WORK ITEM
Starting with the line with "Scooby-Doo Team-Up Vol. 1 #13" in the entries below and going on through the line with "72990504 Bad Wildungen", output every line exactly and nothing more. No pictures.

INPUT
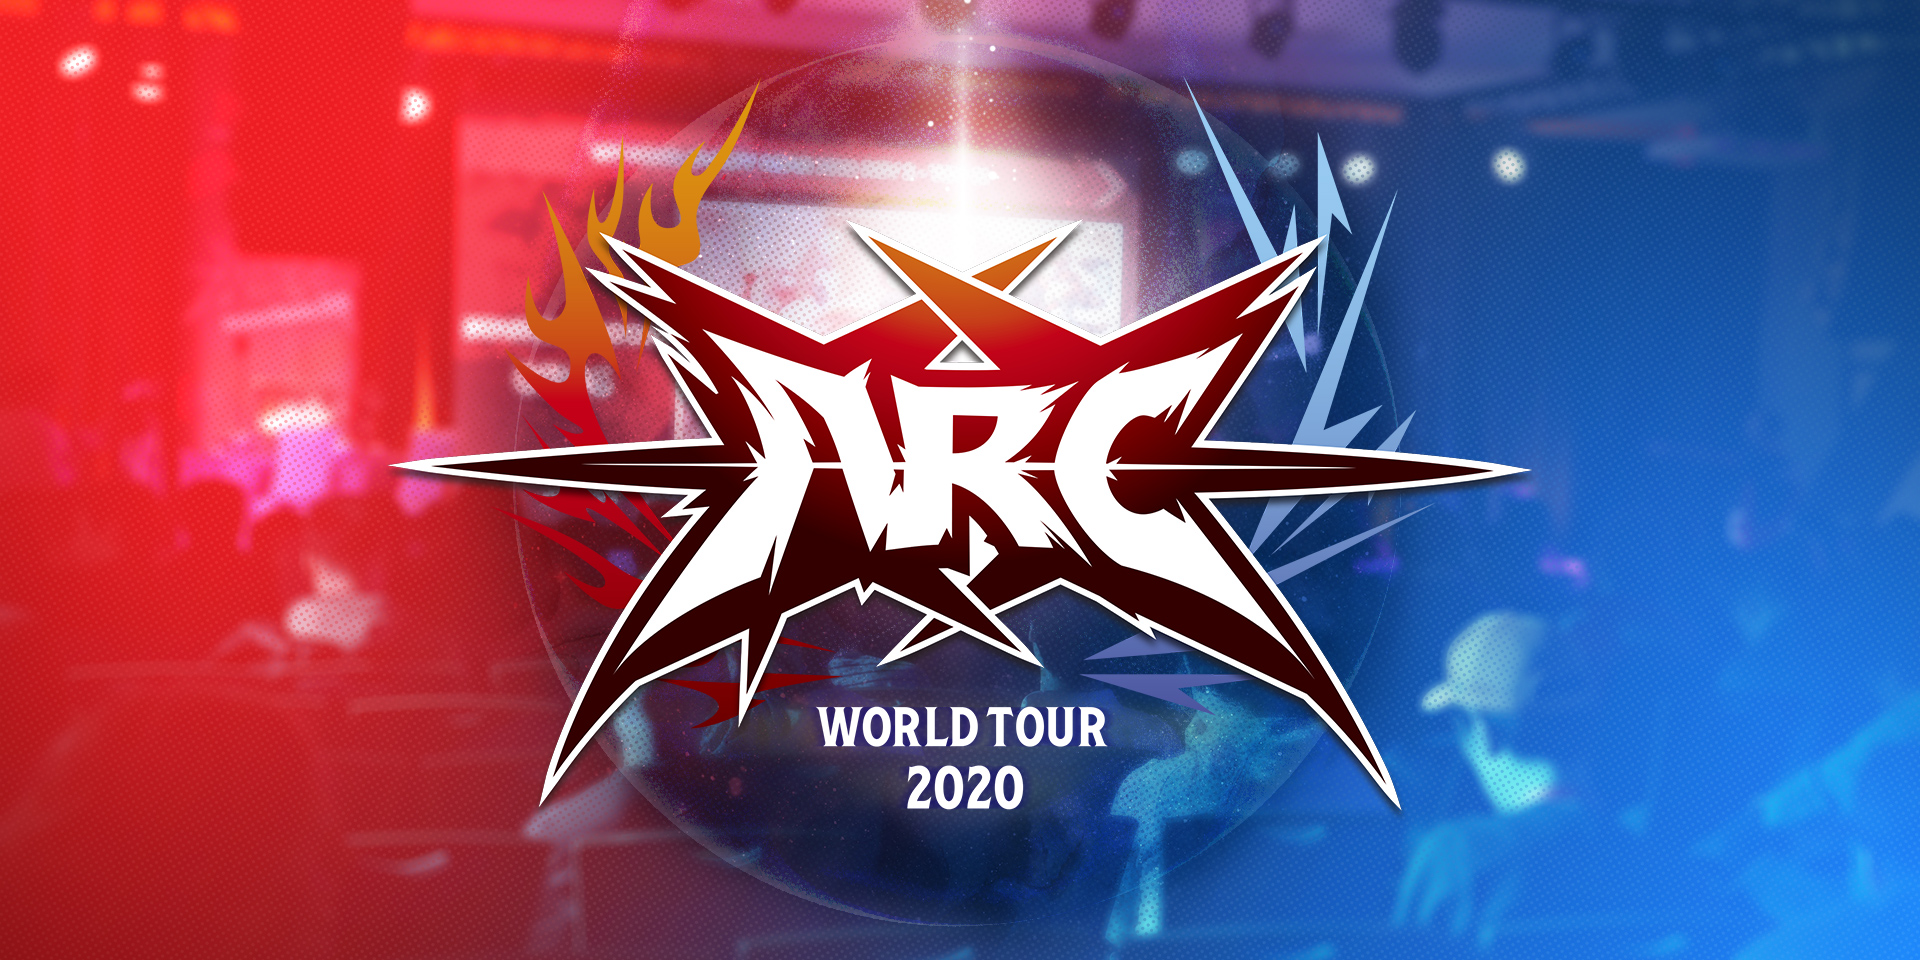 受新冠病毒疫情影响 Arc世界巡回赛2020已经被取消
...
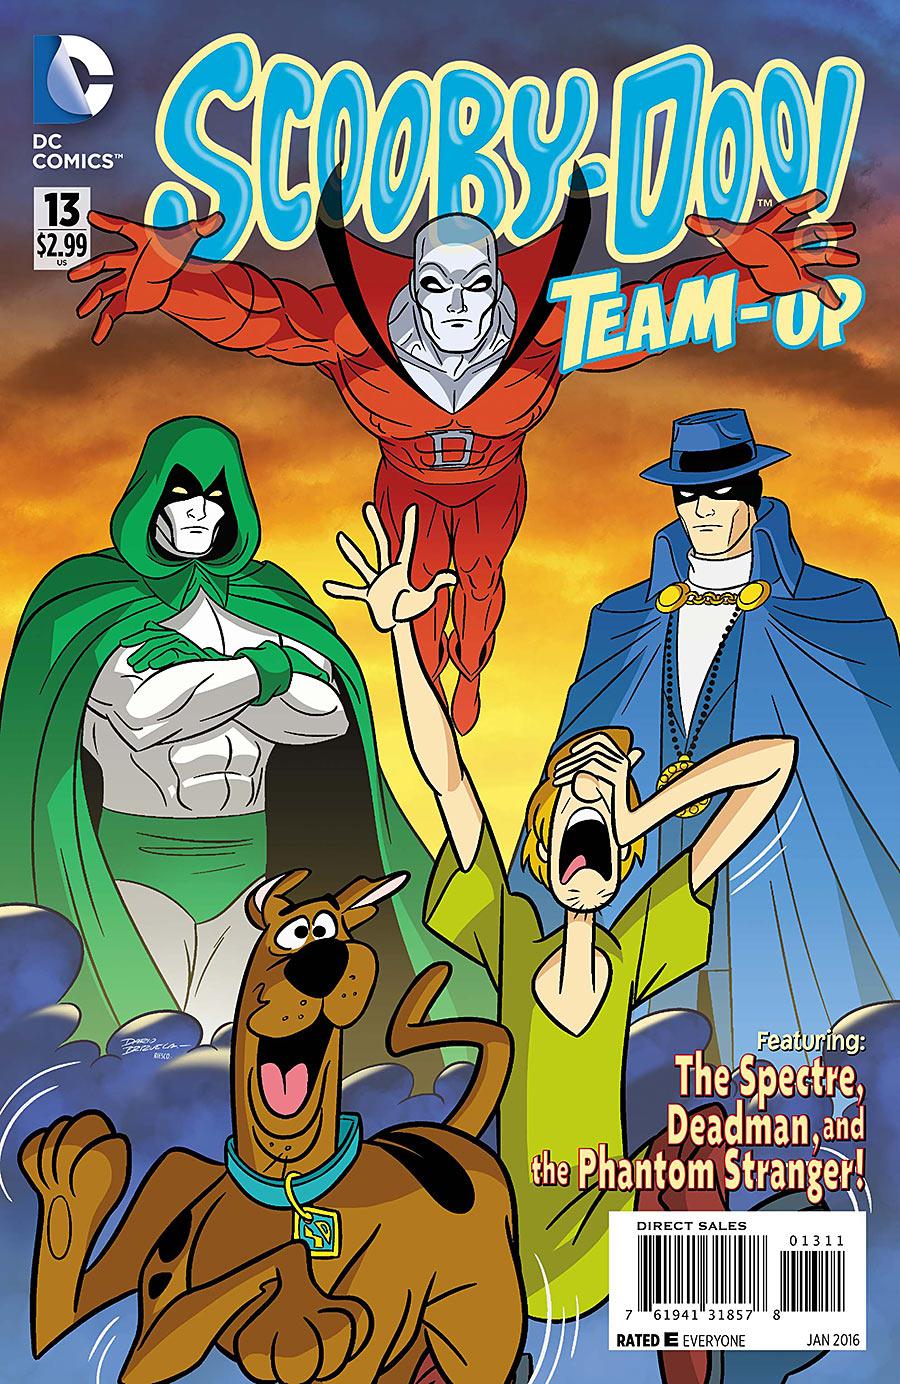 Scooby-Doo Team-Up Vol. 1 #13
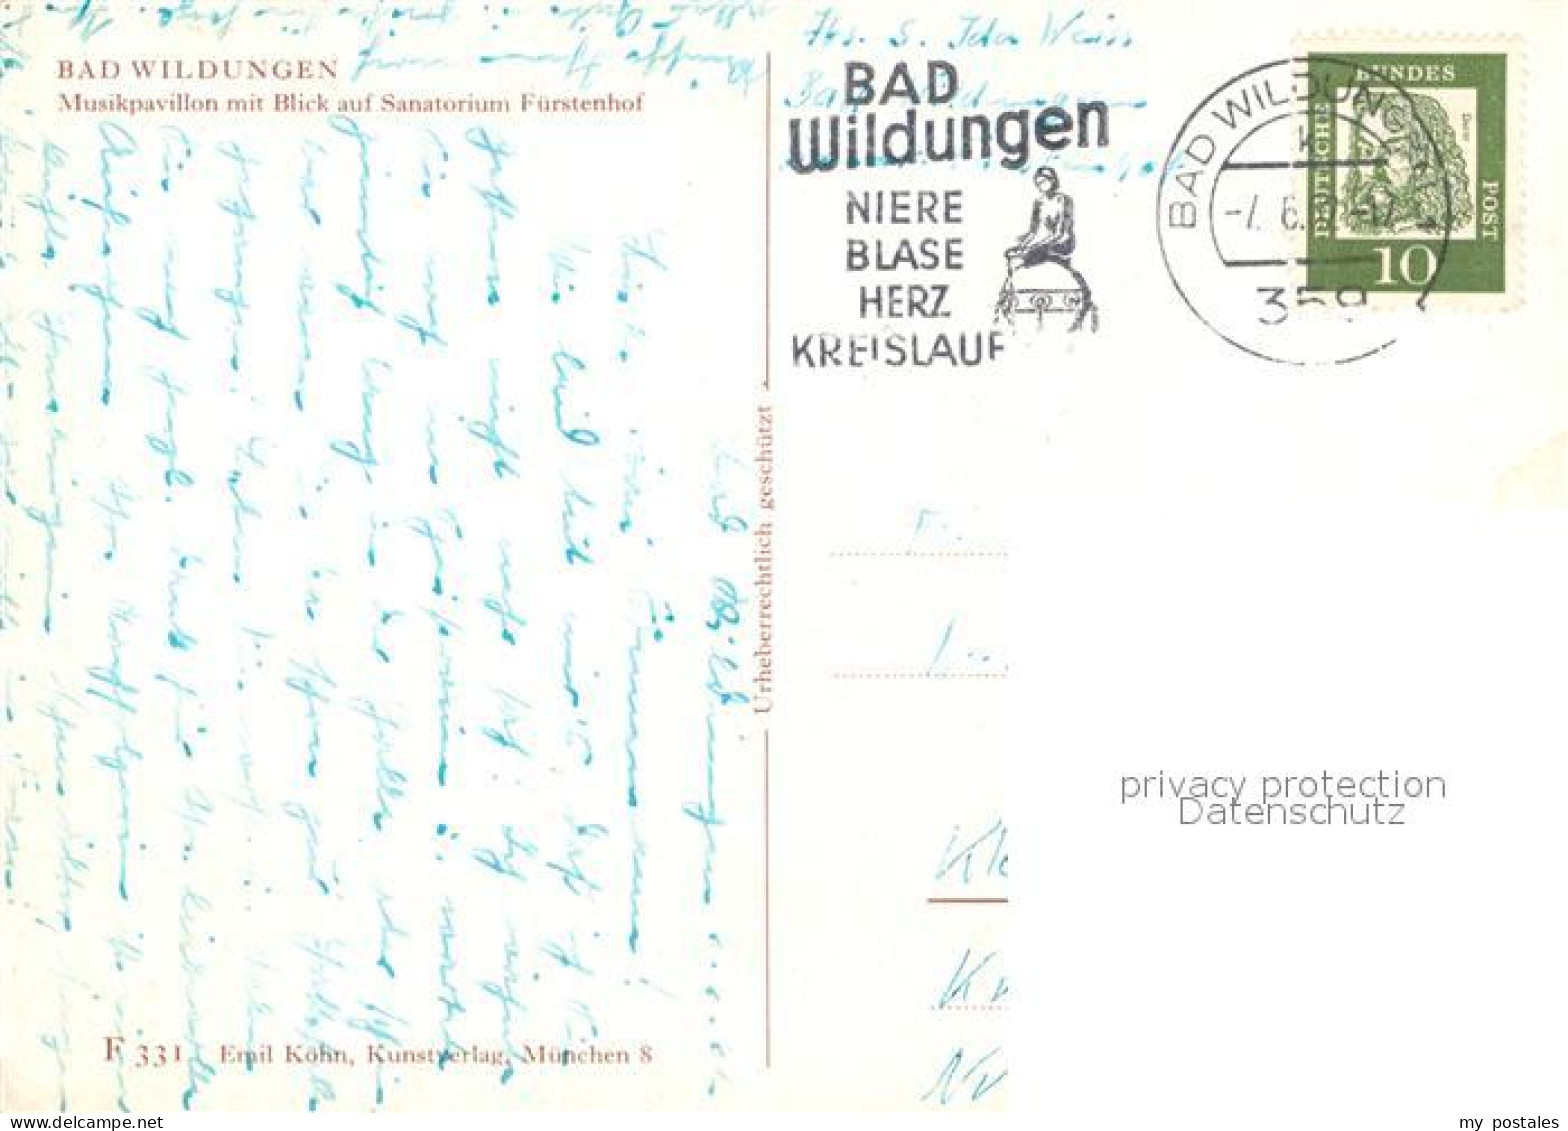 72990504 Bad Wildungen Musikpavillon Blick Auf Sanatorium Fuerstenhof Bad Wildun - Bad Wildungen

SOLUTION TO THE PROBLEM
 Scooby-Doo Team-Up Vol. 1 #13
 72990504 Bad Wildungen Musikpavillon Blick Auf Sanatorium Fuerstenhof Bad Wildun - Bad Wildungen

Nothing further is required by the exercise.